Kutkai men arrested on suspicion of links to rebels
Two men in northern Shan State’s Kutkai Township have
reportedly been arrested by the Burmese military on suspicion of association
with a rebel armed group.
“The Burmese troops arrested them because they
suspected they were linked to the SSPP [Shan State Progress Party/Shan State
Army], he said. “The Tatmadaw [Burmese army] said that if they could prove
they were not associated with the SSPP they would release them.”

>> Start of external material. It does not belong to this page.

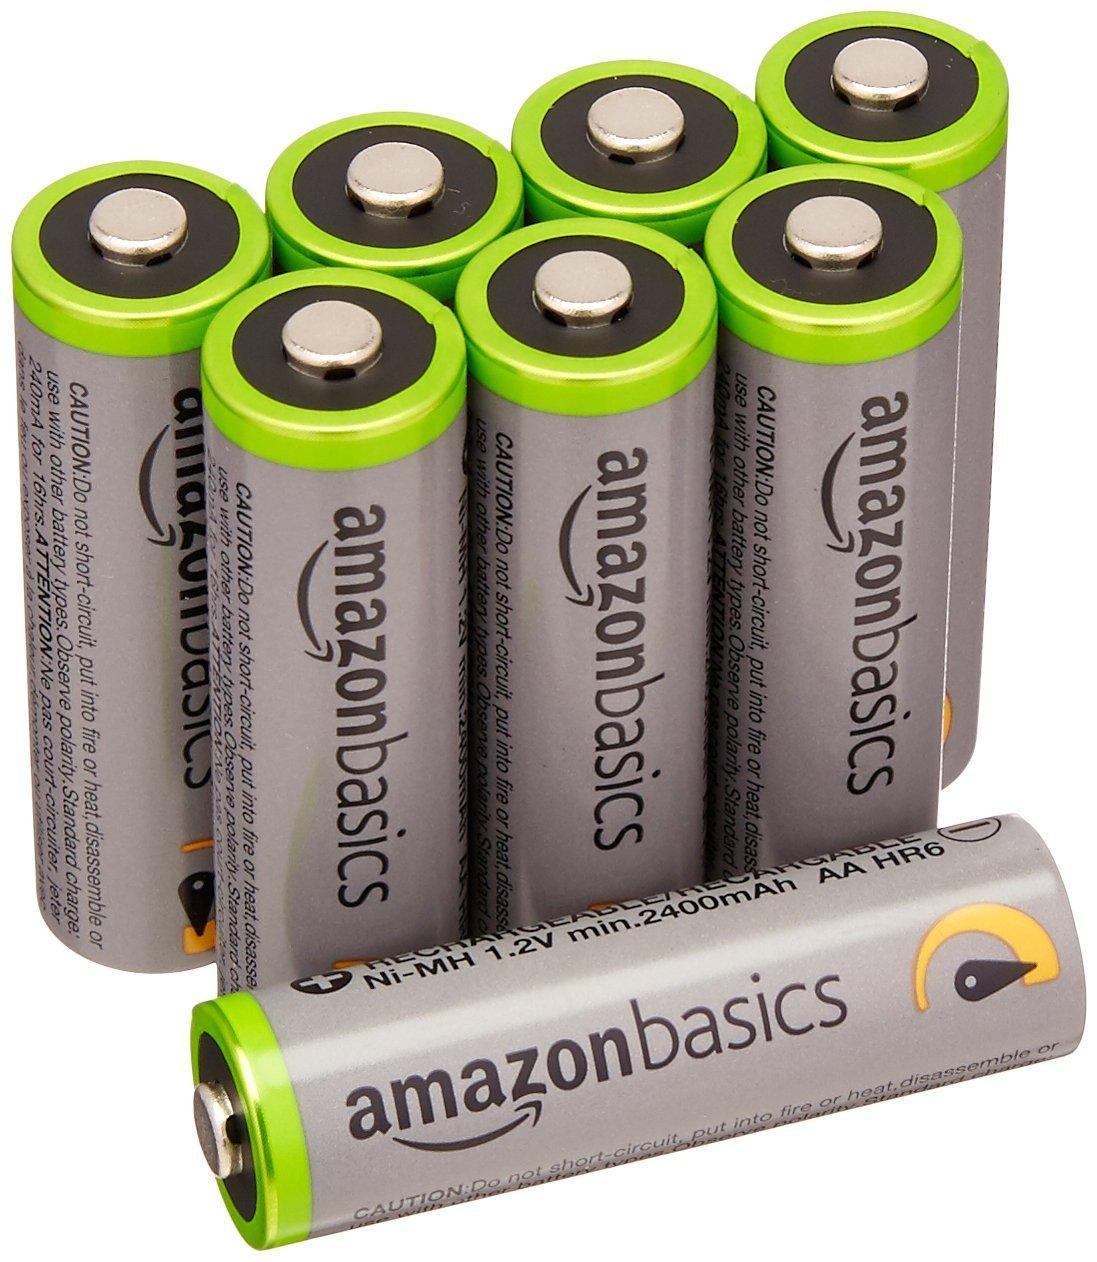 [Prime] Lot de 8 piles rechargeables AA AmazonBasics - 2400 mAh

These two men are residents of That Fah village in
Kengmon tract in Kutkai Township, Shan State Assembly lawmaker Sai Jing Lu
explained. “On the day of their arrest, they were returning home from selling
their buffalos in Kutkai,” he said. “Their car broke down in Karleng, so they
went into the town to borrow a friend’s motorbike to buy the equipment to fix
their car. After buying the equipment they were driving back to the car on the
motorbike when they were stopped by Burmese soldiers from Division 99. They
were questioned but they don’t speak any Burmese. The soldiers then arrested
them.”
The SNLD MP said he received a report of their
arrest on February 15. He then contacted the Kutkai Township’s governor, Kyaw
Winn.
On February 17, the parents of both men requested a
meeting with their sons, he said, and were able to see them that afternoon.
Meanwhile, Sai Jing Lu said, he contacted local authorities in Kutkai and asked
them to process the case.
He said the men were told they would be released if
they had nothing to do with the Shan rebels. However, at the time of press the
pair was still in detention.
Clashes have been reported regularly between the Tatmadaw
and SSPP/SSA, which is a member of the ethnic
bloc United Nationalities Federal Council (UNFC). The SSPPSSA declined to sign
the Nationwide Ceasefire Agreement (NCA) with the government in October 2015.
However, it did sign state-level and union-level ceasefire accords with the
then Thein Sein government. On January 25, Shan Herald reported
that clashes broke out between two
groups in southern Shan State’s Mong Hsu Township.